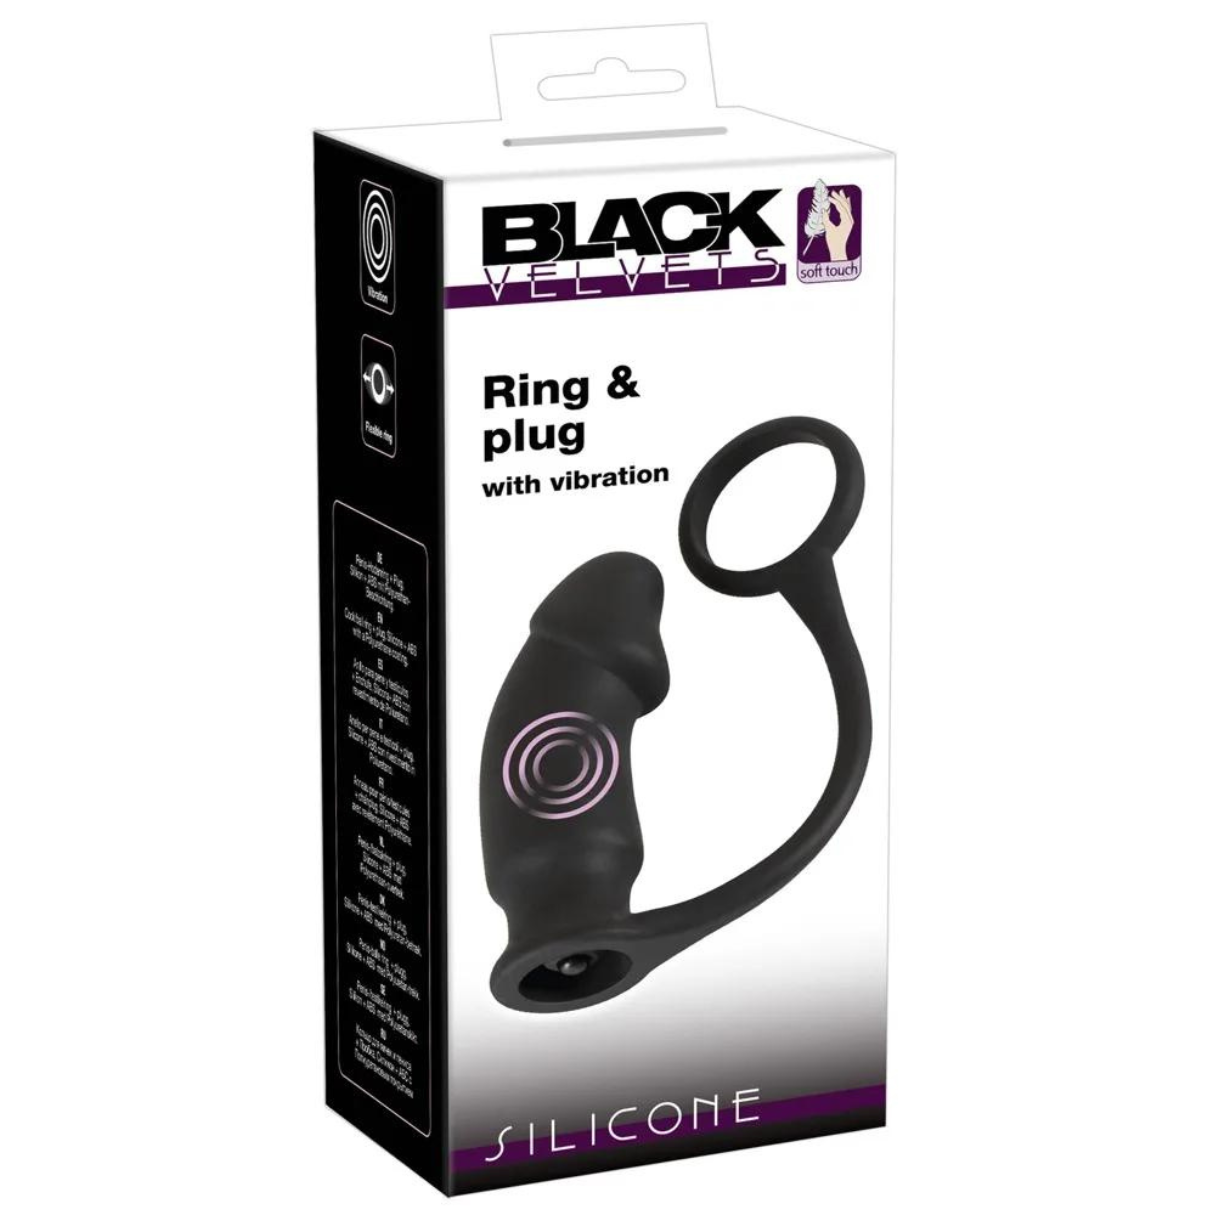 Vibrator & with plug VELVETS vibration BLACK Ring
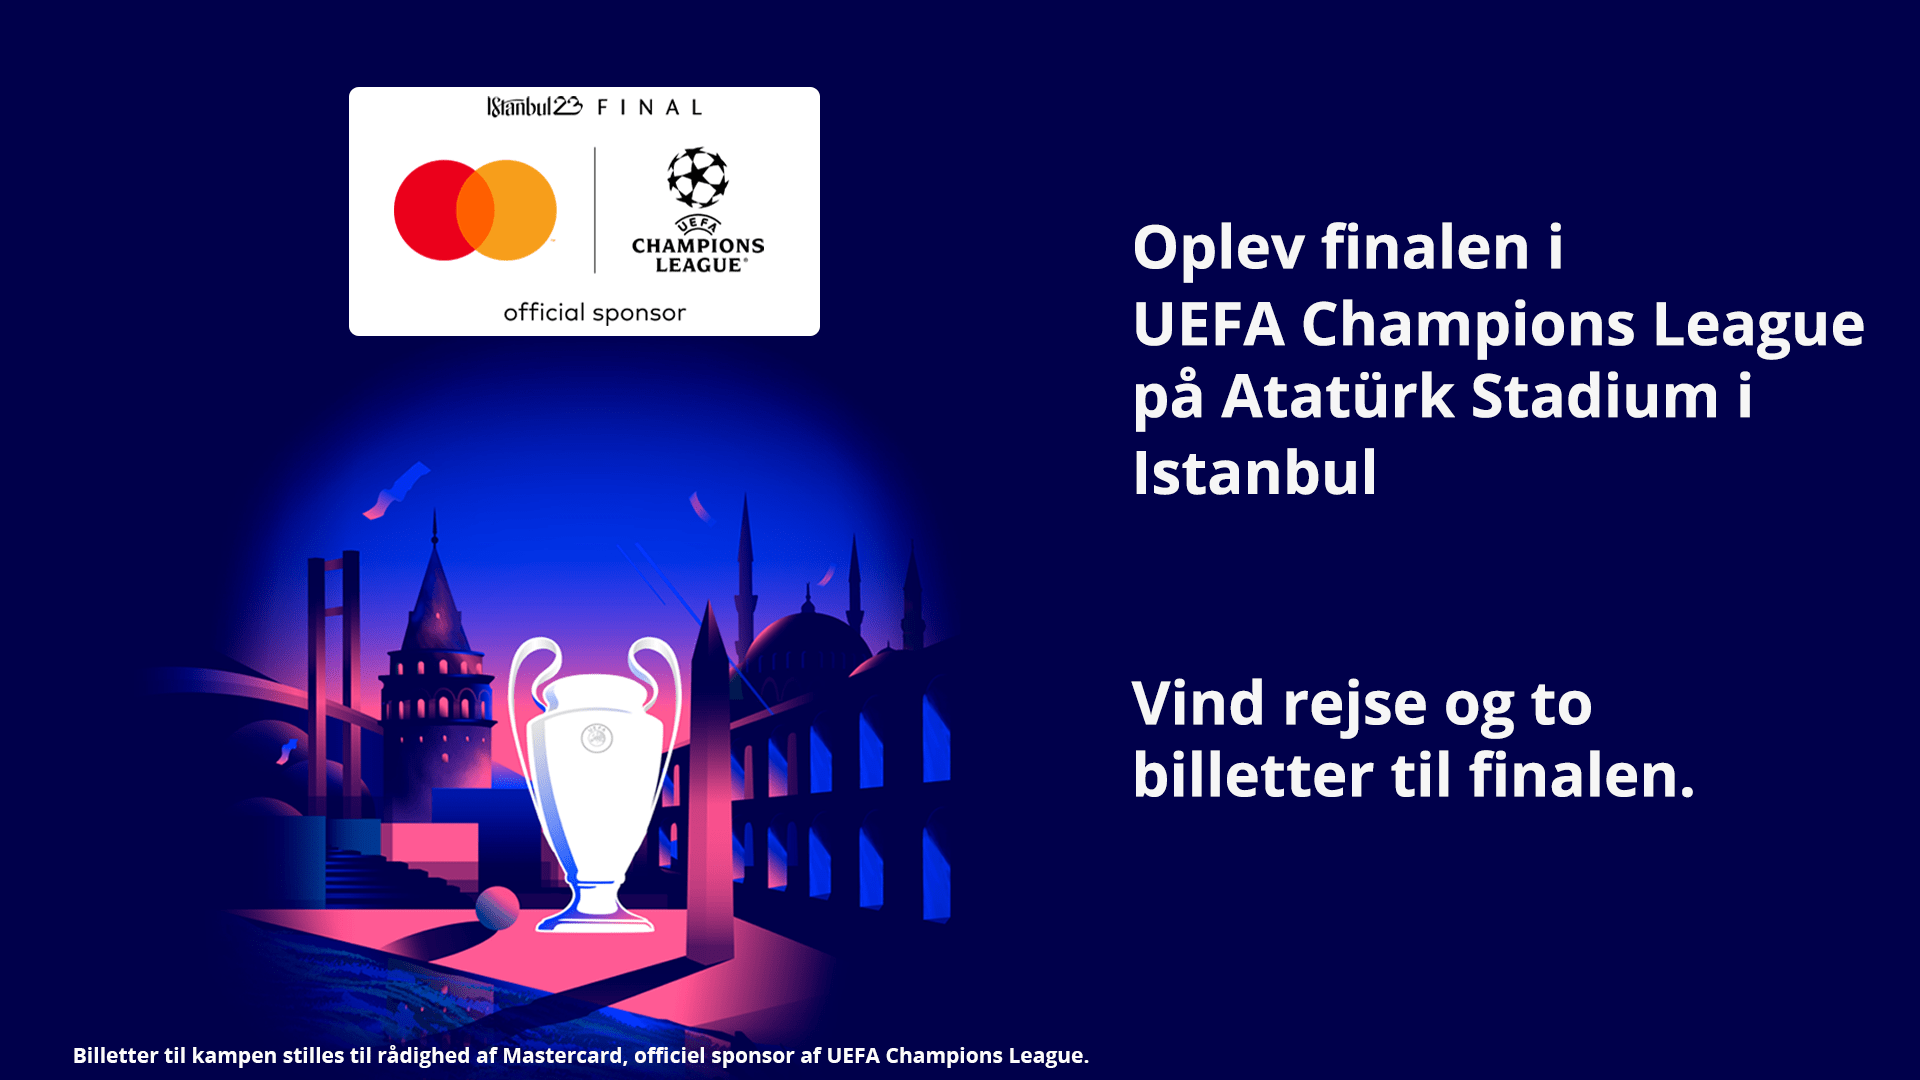 Vind fodboldrejse til Champions League finalen i Istanbul
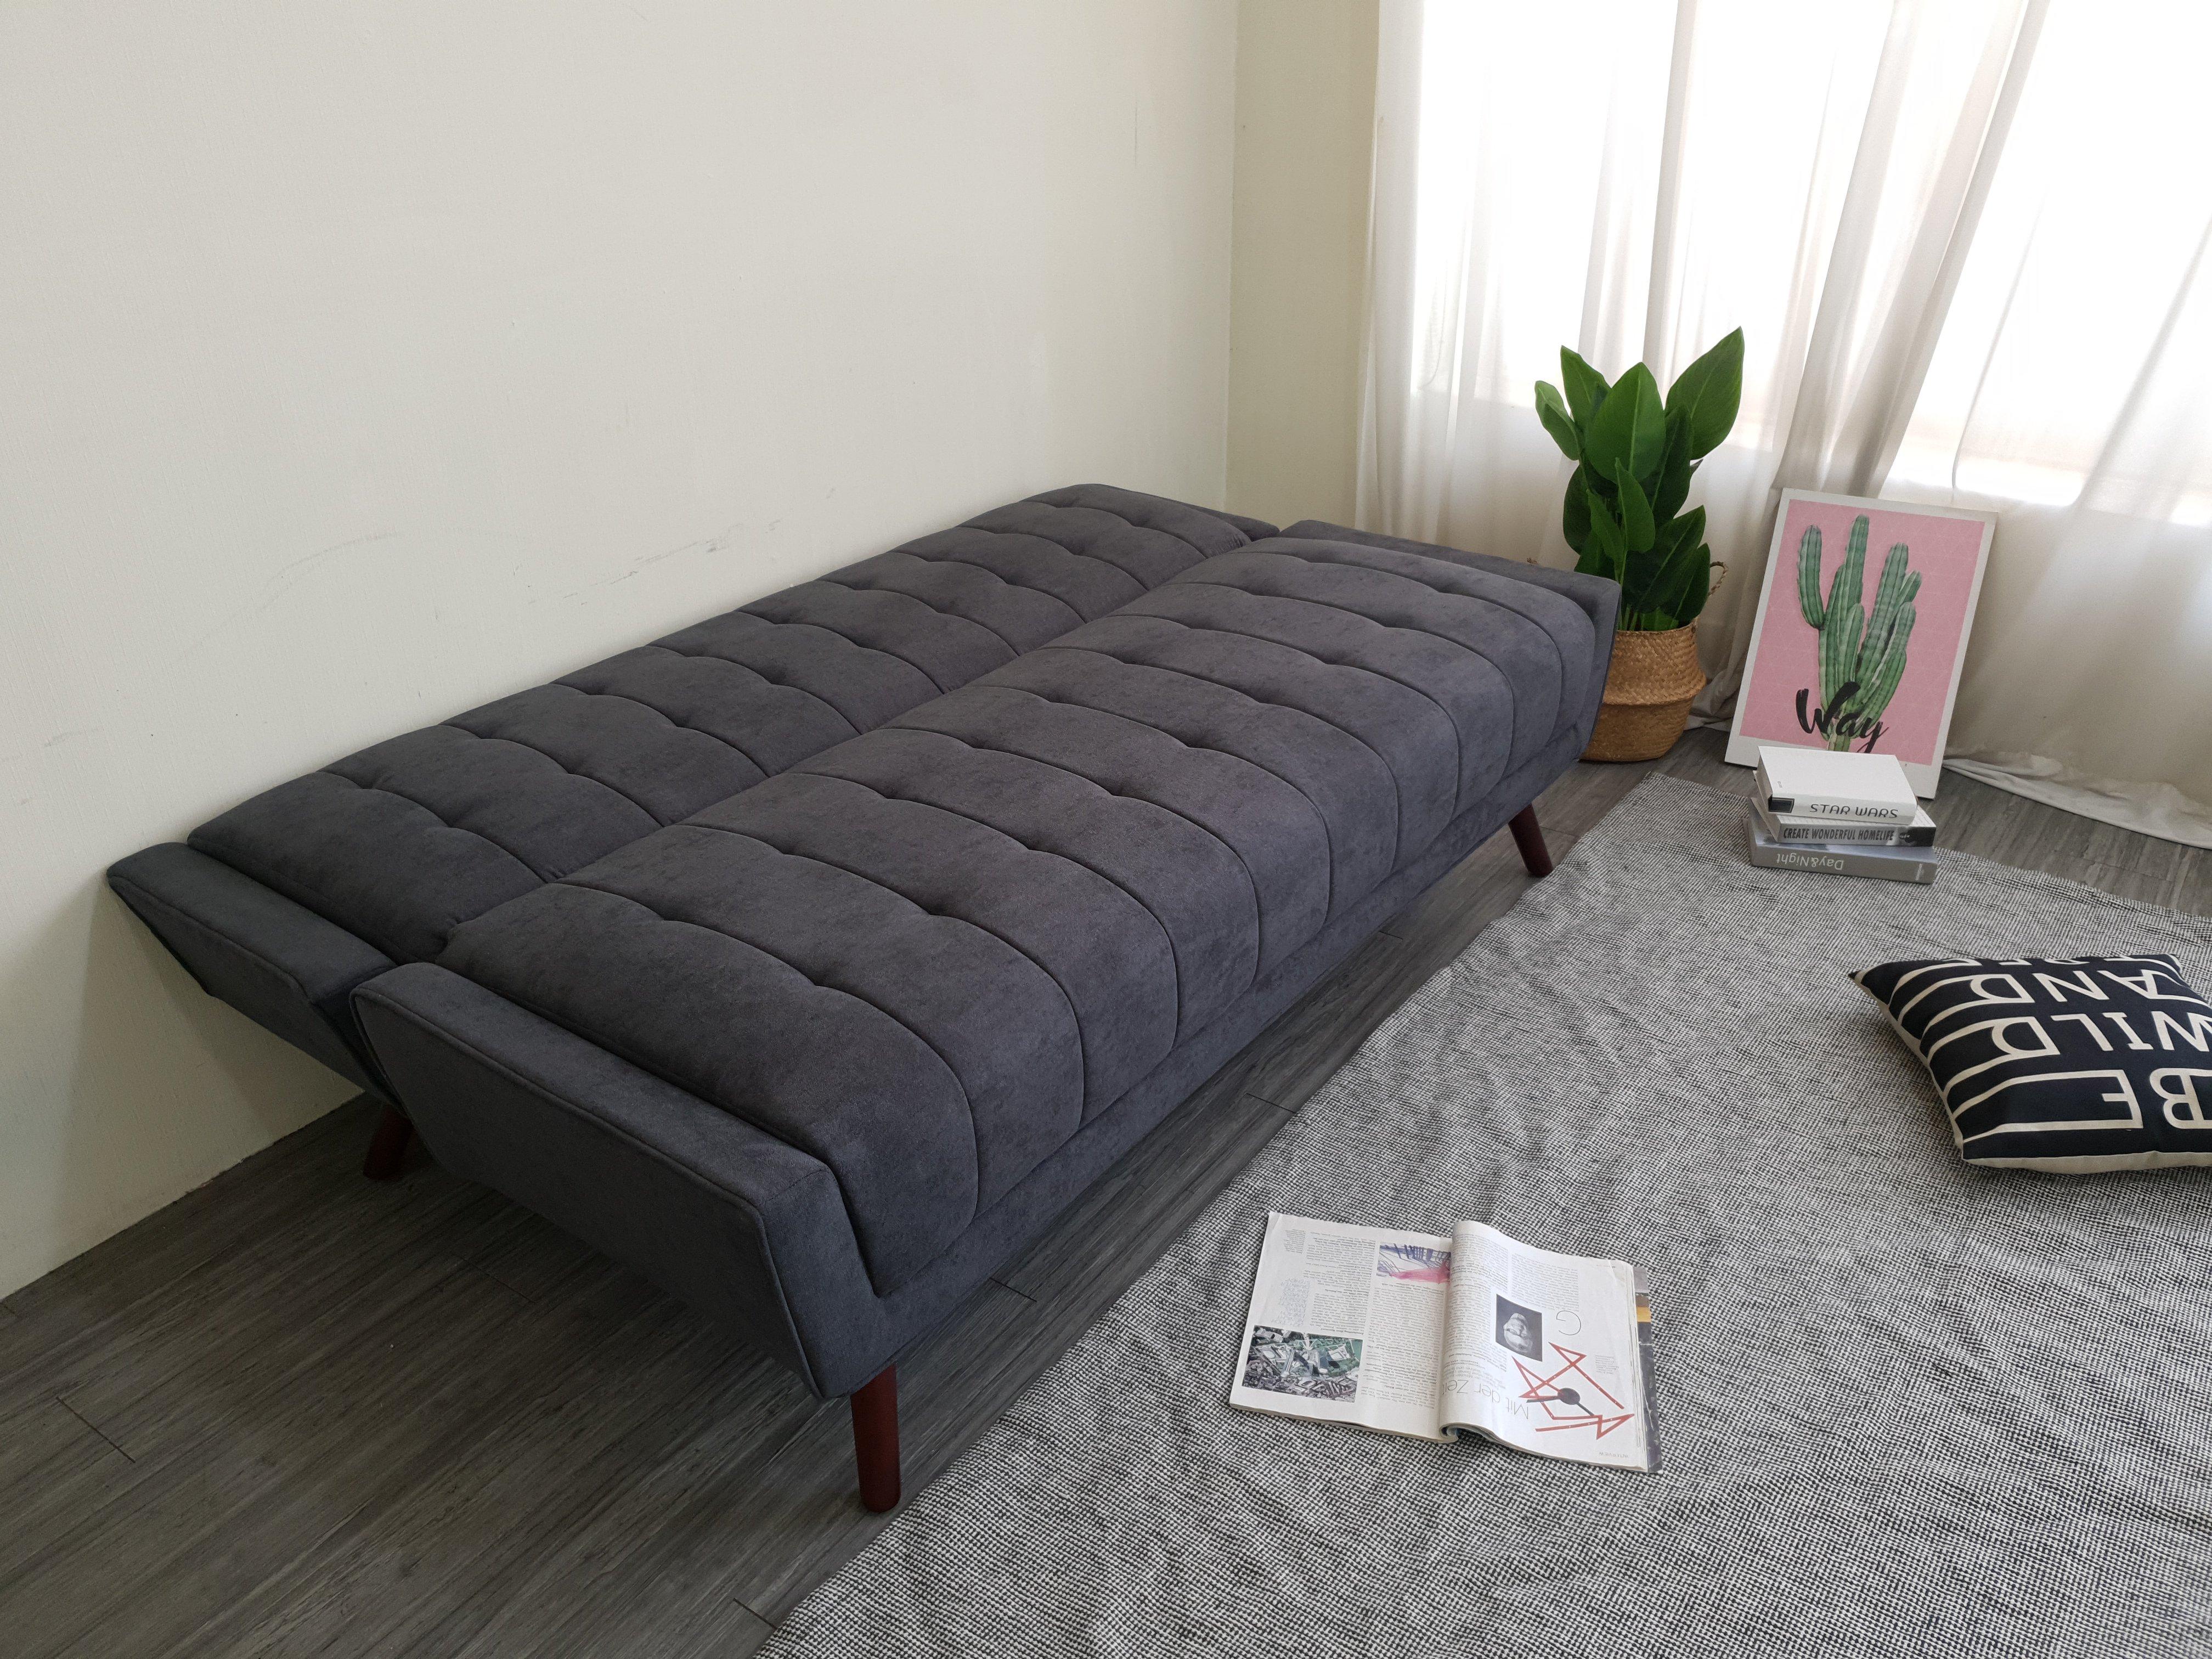 Sofa bed Juno sofa hiện đại màu xám, xanh, caro

-*-*-

◆ Aim of the exercise ◆
A word-for-word repeat of the lines from the line with "Vind fodboldrejse til" to the last line of the data, both ends included and pictures left out, is all that should appear.

◆ Task solution ◆
 Vind fodboldrejse til Champions League finalen i Istanbul
 Sofa bed Juno sofa hiện đại màu xám, xanh, caro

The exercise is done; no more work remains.